=== DIRECTIONS FOR THIS TASK ===
Only one stretch of the records below is wanted: the lines from the one holding "Russia - Impero" through the one holding "Morton Garlic Sea Salt; image 1 of 6". Return it exactly, both ends included.

=== SUPPLIED DATA ===
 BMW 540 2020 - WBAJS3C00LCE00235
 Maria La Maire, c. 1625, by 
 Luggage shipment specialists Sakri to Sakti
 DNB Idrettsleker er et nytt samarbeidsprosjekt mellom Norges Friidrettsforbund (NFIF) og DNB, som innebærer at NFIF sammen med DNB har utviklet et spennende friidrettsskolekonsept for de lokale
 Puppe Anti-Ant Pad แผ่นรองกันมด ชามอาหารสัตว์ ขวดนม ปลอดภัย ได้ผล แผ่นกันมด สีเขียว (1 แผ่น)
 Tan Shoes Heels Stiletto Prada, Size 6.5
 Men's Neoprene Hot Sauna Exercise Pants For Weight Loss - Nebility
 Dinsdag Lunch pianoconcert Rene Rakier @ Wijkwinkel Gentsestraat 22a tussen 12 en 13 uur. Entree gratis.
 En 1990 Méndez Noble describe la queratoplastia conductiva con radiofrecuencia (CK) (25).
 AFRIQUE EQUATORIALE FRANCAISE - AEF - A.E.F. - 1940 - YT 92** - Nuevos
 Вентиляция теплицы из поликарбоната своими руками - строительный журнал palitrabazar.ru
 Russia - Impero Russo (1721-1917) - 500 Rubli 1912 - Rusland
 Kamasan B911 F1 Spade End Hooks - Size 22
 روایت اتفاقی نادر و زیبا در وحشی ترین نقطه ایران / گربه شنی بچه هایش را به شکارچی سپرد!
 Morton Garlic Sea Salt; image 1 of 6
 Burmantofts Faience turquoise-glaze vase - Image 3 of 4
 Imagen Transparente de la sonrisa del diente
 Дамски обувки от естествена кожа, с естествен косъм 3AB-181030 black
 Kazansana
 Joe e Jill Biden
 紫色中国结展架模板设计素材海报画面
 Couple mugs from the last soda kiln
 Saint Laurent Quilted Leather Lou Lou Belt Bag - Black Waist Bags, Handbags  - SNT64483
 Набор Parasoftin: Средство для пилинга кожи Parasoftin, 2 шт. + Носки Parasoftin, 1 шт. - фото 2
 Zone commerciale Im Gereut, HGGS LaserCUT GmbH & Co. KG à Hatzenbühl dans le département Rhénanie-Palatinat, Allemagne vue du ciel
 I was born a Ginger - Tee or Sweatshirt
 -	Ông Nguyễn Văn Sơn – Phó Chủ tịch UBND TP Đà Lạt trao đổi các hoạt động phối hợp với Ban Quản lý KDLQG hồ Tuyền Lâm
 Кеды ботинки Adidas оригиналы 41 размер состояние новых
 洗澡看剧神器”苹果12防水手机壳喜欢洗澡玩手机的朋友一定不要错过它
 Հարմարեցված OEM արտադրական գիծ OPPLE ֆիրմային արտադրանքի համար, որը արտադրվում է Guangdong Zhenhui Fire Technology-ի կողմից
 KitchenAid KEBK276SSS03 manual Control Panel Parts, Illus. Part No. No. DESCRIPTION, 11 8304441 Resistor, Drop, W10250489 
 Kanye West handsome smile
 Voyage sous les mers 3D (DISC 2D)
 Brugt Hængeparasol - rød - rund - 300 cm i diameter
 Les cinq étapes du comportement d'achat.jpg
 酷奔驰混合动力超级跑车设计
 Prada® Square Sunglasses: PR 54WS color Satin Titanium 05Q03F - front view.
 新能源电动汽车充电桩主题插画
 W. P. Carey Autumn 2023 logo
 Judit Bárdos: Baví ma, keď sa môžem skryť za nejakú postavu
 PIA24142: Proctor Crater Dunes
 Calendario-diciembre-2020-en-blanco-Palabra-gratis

=== OUTPUT OF THE TASK ===
 Russia - Impero Russo (1721-1917) - 500 Rubli 1912 - Rusland
 Kamasan B911 F1 Spade End Hooks - Size 22
 روایت اتفاقی نادر و زیبا در وحشی ترین نقطه ایران / گربه شنی بچه هایش را به شکارچی سپرد!
 Morton Garlic Sea Salt; image 1 of 6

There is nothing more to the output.